One feature of the data that we may want to consider is that of time. Since each date is paired with the temperature reading for the day, we don‘t have to think of the data as being random. We can instead use the times given to impose a chronological order on the data. A graph that recognizes this ordering and displays the changing temperature as the month progresses is called a time series graph.

Constructing a time series graph

To construct a time series graph, we must look at both pieces of our paired data set . We start with a standard Cartesian coordinate system. The horizontal axis is used to plot the date or time increments, and the vertical axis is used to plot the values of the variable that we are measuring. By doing this, we make each point on the graph correspond to a date and a measured quantity. The points on the graph are typically connected by straight lines in the order in which they occur.

The following data shows the Annual Consumer Price Index, each month, for ten years. Construct a time series graph for the Annual Consumer Price Index data only.
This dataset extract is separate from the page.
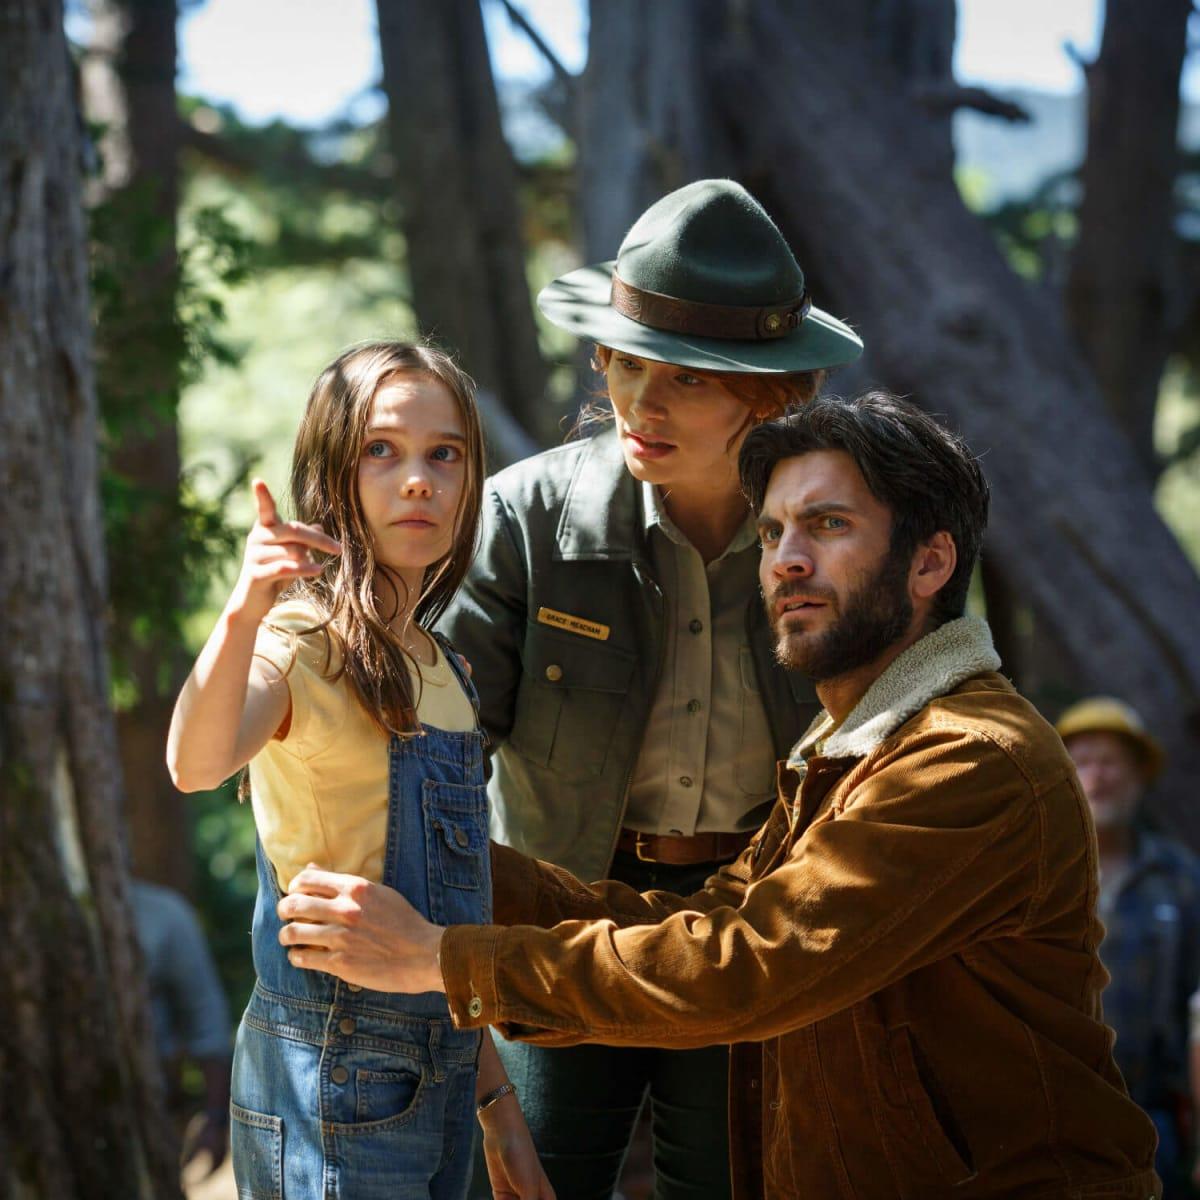 Oona Laurence, Bryce Dallas Howard, and Wes Bentley in Pete's Dragon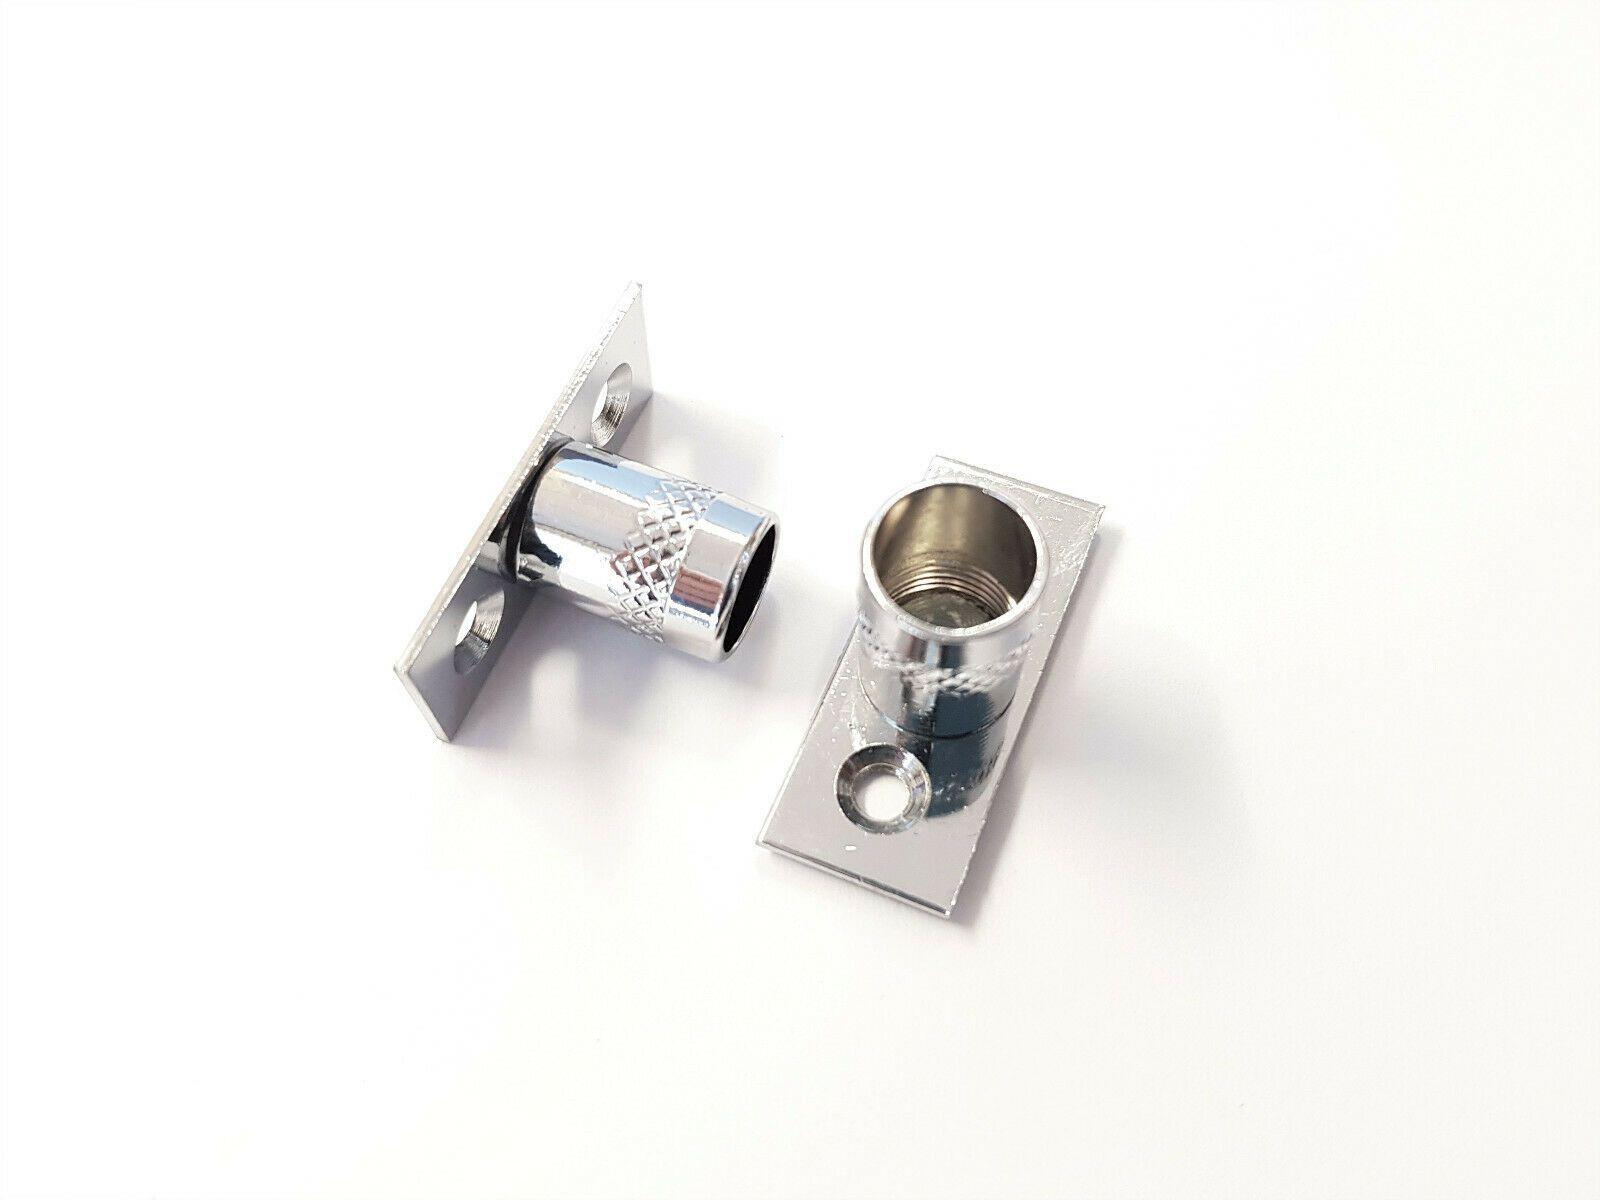 2 chrome curtain rod recess brackets 10mm pole support brackets net voile socket

Year Jan Feb Mar Apr May Jun Jul
2003 181.7 183.1 184.2 183.8 183.5 183.7 183.9
2004 185.2 186.2 187.4 188.0 189.1 189.7 189.4
2005 190.7 191.8 193.3 194.6 194.4 194.5 195.4
2006 198.3 198.7 199.8 201.5 202.5 202.9 203.5
2007 202.416 203.499 205.352 206.686 207.949 208.352 208.299
2008 211.080 211.693 213.528 214.823 216.632 218.815 219.964
2009 211.143 212.193 212.709 213.240 213.856 215.693 215.351
2010 216.687 216.741 217.631 218.009 218.178 217.965 218.011
2011 220.223 221.309 223.467 224.906 225.964 225.722 225.922
2012 226.665 227.663 229.392 230.085 229.815 229.478 229.104
Year Aug Sep Oct Nov Dec Annual
2003 184.6 185.2 185.0 184.5 184.3 184.0
2004 189.5 189.9 190.9 191.0 190.3 188.9
2005 196.4 198.8 199.2 197.6 196.8 195.3
2006 203.9 202.9 201.8 201.5 201.8 201.6
2007 207.917 208.490 208.936 210.177 210.036 207.342
2008 219.086 218.783 216.573 212.425 210.228 215.303
2009 215.834 215.969 216.177 216.330 215.949 214.537
2010 218.312 218.439 218.711 218.803 219.179 218.056
2011 226.545 226.889 226.421 226.230 225.672 224.939
2012 230.379 231.407 231.317 230.221 229.601 229.594
This is a times series graph that matches the supplied data. The x-axis shows years from 2003 to 2012, and the y-axis shows the annual CPI.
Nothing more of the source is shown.